Hablando con la María de quince años conecto con su dolor. Sé que sufre y que no se atreve a compartirlo con nadie. ¿Por qué? ¿Qué es lo peor que puede pasar? Comunicar los pensamientos, por oscuros que sean, es el primer paso para saber que la sola presencia importa. Que nuestra luz es necesaria para caminar. Hay una fuerza inmensa y vital en todas las personas. Tenemos un potencial infinito y una capacidad de supervivencia a desastres, por inmensos que sean, brutal. Siempre hay una salida al sufrimiento y, desde luego, no es desaparecer.

Hoy es el Día Mundial para la Prevención del Suicidio y es la primera vez que hablo desde mi experiencia suicida para ayudar en la prevención. Es como raro y natural a la vez, porque siempre ha estado dentro de mí, aunque solo lo supiera yo. Y ahora quiero inundar el mundo de mensajes de ayuda y prevención, y más, siento una necesidad incontrolable de hacerlo. Me he hecho adicta a la vida. Porque hoy sé que una mala decisión en un momento difícil pudo matar también en vida a mis seres queridos y privarme a mí de mi propia aventura de existir. De habitar mi cuerpo y de sentir en mi piel. De ser yo misma a través de mis ojos.
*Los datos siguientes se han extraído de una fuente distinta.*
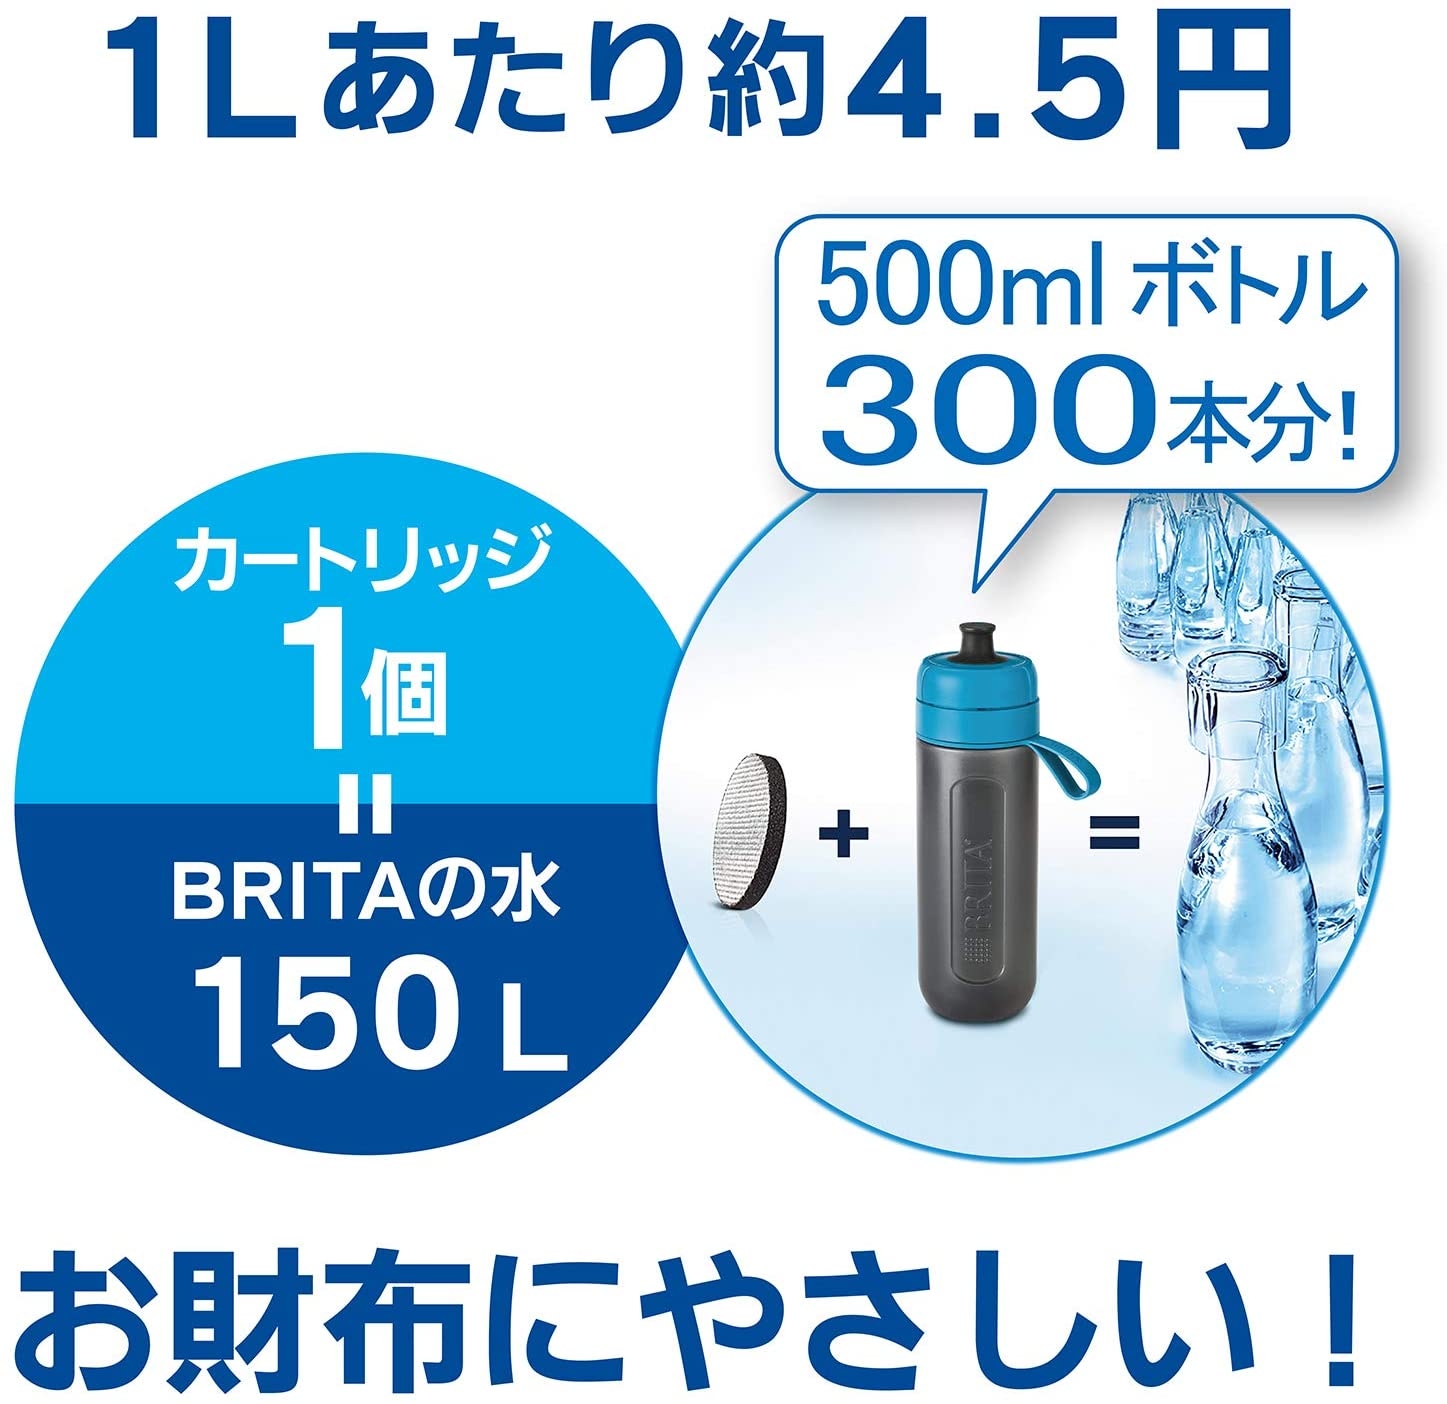 BRITA(ブリタ) ボトル型浄水器アクティブの商品画像4

En el contexto actual, con la pandemia global de la COVID-19 azotando, pueden temblar más aún los cimientos de nuestra capacidad mental para aguantar aquí. Hay obstáculos a diario, retos y desengaños, y hay también atardeceres cada día; y por supuesto, una red de personas dispuestas a escucharte, aunque sea una sola. Hay amor por todas partes, y podemos conectarnos a él. Hoy, 10 de septiembre, puedo contar mi experiencia y dedicar mi tiempo y energía a contagiar vida, aun sabiendo que, mientras tanto, hay diez personas en España que se irán diariamente dejando una montaña de recuerdos, culpa y vergüenza a sus familias y amistades. Necesitamos recursos para visibilizar, desestigmatizar, romper el tabú en toda la sociedad y, por supuesto, en los medios de comunicación. Es necesario tener interés para formarnos como periodistas, y saber comunicar sobre el suicidio bien, desde el rigor, el respeto y la responsabilidad. Esto lo he aprendido en el libro Hablemos del suicidio en los medios de comunicación de nuestro compañero, el periodista navarro Gabriel González Ortiz.

La OMS lleva recomendando hablar del suicidio desde el año 2000, veinte años en los que el sufrimiento por las muertes de las personas que se han ido es incalculable. El dolor no se puede medir cuando te toca de cerca y estamos a una persona de una experiencia suicida. Necesitamos ayer, hoy y mañana el Plan Nacional para la Prevención del Suicidio. Y que todos los agentes sociales estén unidos en la prevención, caminando de la mano, porque mañana también te puede tocar a ti, y somos una.

El día que intenté suicidarme tenía quince años y era un viernes por la tarde. Estuve dos días ingresada en el hospital y el lunes me fui al colegio como si nada. Y, sin embargo, todo.

Han pasado veinticinco años y ahora he decidido hablar para no callarme nunca. Porque mi historia de silencio es solo una más. Sé que me hubiera ayudado mucho compartir cómo me sentía con alguien. Y no lo hice. Muchas personas se sorprenden de que un día intentara suicidarme, y lo entiendo, porque de la piel que hay en mí no sabían nada.